1                        Linux DSP/BIOS Bridge release
2
3DSP/BIOS Bridge overview
4========================
5
6DSP/BIOS Bridge is designed for platforms that contain a GPP and one or more
7attached DSPs.  The GPP is considered the master or "host" processor, and the
8attached DSPs are processing resources that can be utilized by applications
9and drivers running on the GPP.
10
11The abstraction that DSP/BIOS Bridge supplies, is a direct link between a GPP
12program and a DSP task.  This communication link is partitioned into two
13types of sub-links:  messaging (short, fixed-length packets) and data
14streaming (multiple, large buffers).  Each sub-link operates independently,
15and features in-order delivery of data, meaning that messages are delivered
16in the order they were submitted to the message link, and stream buffers are
17delivered in the order they were submitted to the stream link.
18
19In addition, a GPP client can specify what inputs and outputs a DSP task
20uses. DSP tasks typically use message objects for passing control and status
21information and stream objects for efficient streaming of real-time data.
22
23GPP Software Architecture
24=========================
25
26A GPP application communicates with its associated DSP task running on the
27DSP subsystem using the DSP/BIOS Bridge API. For example, a GPP audio
28application can use the API to pass messages to a DSP task that is managing
29data flowing from analog-to-digital converters (ADCs) to digital-to-analog
30converters (DACs).
31
32From the perspective of the GPP OS, the DSP is treated as just another
33peripheral device.   Most high level GPP OS typically support a device driver
34model, whereby applications can safely access and share a hardware peripheral
35through standard driver interfaces.  Therefore, to allow multiple GPP
36applications to share access to the DSP, the GPP side of DSP/BIOS Bridge
37implements a device driver for the DSP.
38
39Since driver interfaces are not always standard across GPP OS, and to provide
40some level of interoperability of application code using DSP/BIOS Bridge
41between GPP OS, DSP/BIOS Bridge provides a standard library of APIs which
42wrap calls into the device driver.   So, rather than calling GPP OS specific
43driver interfaces, applications (and even other device drivers) can use the
44standard API library directly.
45
46DSP Software Architecture
47=========================
48
49For DSP/BIOS, DSP/BIOS Bridge adds a device-independent streaming I/O (STRM)

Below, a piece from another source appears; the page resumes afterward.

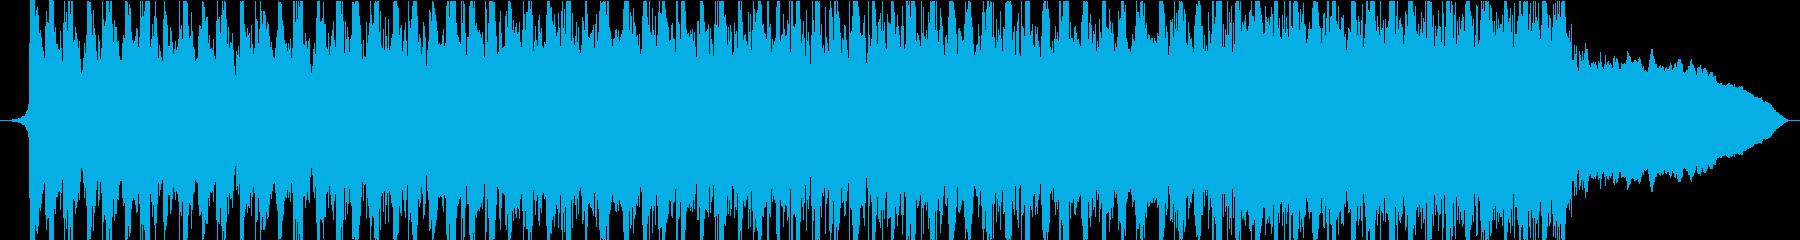 アクションエネルギッシュなスポーツロックの再生済みの波形

50interface, a messaging interface (NODE), and a Resource Manager (RM) Server.
51The RM Server runs as a task of DSP/BIOS and is subservient to commands
52and queries from the GPP.  It executes commands to start and stop DSP signal
53processing nodes in response to GPP programs making requests through the
54(GPP-side) API.
55
56DSP tasks started by the RM Server are similar to any other DSP task with two
57important differences:  they must follow a specific task model consisting of
58three C-callable functions (node create, execute, and delete), with specific
59sets of arguments, and they have a pre-defined task environment established
60by the RM Server.
61
62Tasks started by the RM Server communicate using the STRM and NODE interfaces
63and act as servers for their corresponding GPP clients, performing signal
64processing functions as requested by messages sent by their GPP client.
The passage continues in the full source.